If we assume the rhetoric of great power competition is correct and war is inevitable, or at least likely, the Navy is correct to prepare. But blindly continuing its love affair with Mahanian naval theory could be catastrophic. China is not Japan or the Soviets and presents a new, formidable threat. Militarily, the Chinese navy, although modern, is very much a regional force. And despite an aggressive building program, China is not yet an overwhelming threat to US naval power. The presumption that China is seeking Mahanian-style battle despite the given combat power of the US Navy is not credible. To win at sea, the United States must consider the adversary we face, not the adversary we want to face.

Yet we still must consider war with China a possibility and therefore must reinvigorate the debate over how best to employ US naval power and the Navy’s composition. Aircraft carriers, while impressive, are becoming increasingly vulnerable, not less so. The newer threats of hypersonic missiles, targeting from space, and cyber present unique challenges for the US Navy and the loss of a single carrier will have enormous consequences. Additionally, even if the US Navy achieves command of the sea, it may be irrelevant due to modern strike capabilities. History has shown that the ability to strike an adversary’s mainland from sea is not decisive in war—including examples from North Vietnam, Iraq, and Afghanistan.

Additionally, it is important to recognize that in war, an enemy will play its own game, not ours. China understands US naval capabilities, tactics, and theory and to assume otherwise is foolish. However, in open waters, China’s naval power is effectively neutralized by our combat power. China fears isolation and its own lack of access to trade and shipping routes, and with our seaborne allies, it is possible to keep a hostile China in check. Developing a flexible naval force, increasing trade alliances, and signing onto the UN Convention on the Law of the Sea are key to any naval strategy to combat China.

The United States has a mighty history of seapower and maintains longstanding traditions that our US Navy bears with pride. But as times change and power shifts, it is critical for the US Navy to avoid clinging to antiquated naval theory to rationalize a fleet that supports a familiar strategy instead of a strategy that will counter modern threats at sea. The question is not if the US Navy should maintain its capabilities to engage in, and decisively win, a battle at sea—which it absolutely should­—but instead, whether the current naval strategy is based on sound assumptions and is focused on modern-day threats and challenges. Whether we will once again see De Tag! is uncertain but clinging to the myth of Mahanian theory and capital ship invincibility is a losing strategy.

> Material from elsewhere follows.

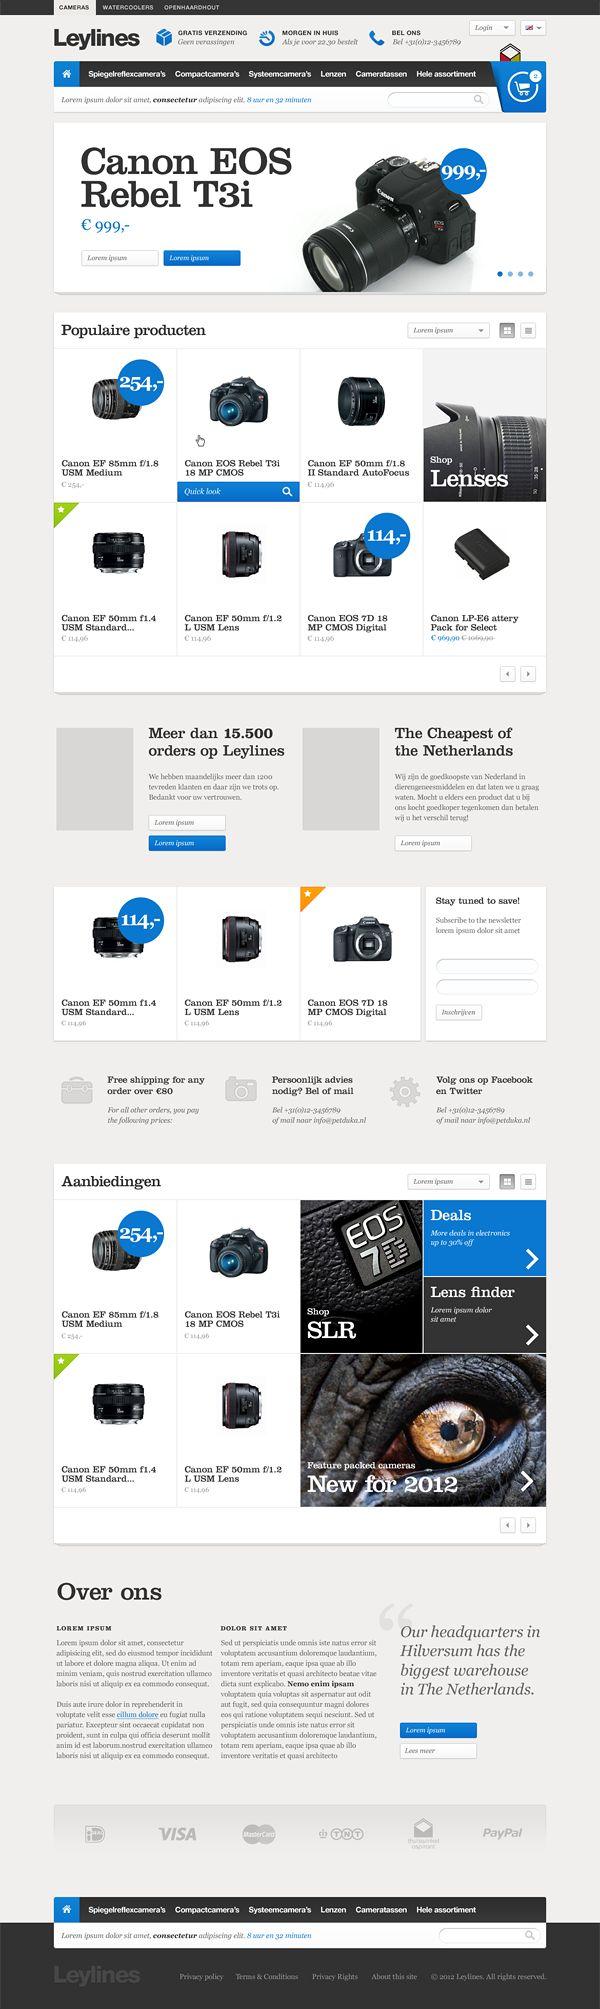 Leylines on Behance #webdesign #webdesign, #design, #responsivedesign, #website, #ux, #ui, #mobile, responsive design, web design #userinterface #app #gui

Dr. R. B. Watts is a professor of national security strategy at the National War College. He retired from the US Coast guard as a captain after serving twenty-six years on active duty, including six sea tours with both the Navy and the Coast Guard. He holds an advanced degree from the Naval War College in strategic studies, master’s degrees from Old Dominion University in history, American Military University in international naval studies, and the Naval Post Graduate School in homeland security, and a PhD from  the Royal Military College of Canada in war studies.

The views expressed are those of the author and do not reflect the official position of the United States Military Academy, Department of the Army, or Department of Defense, or that of any organization the author is affiliated with, including the National War College, National Defense University, and US government.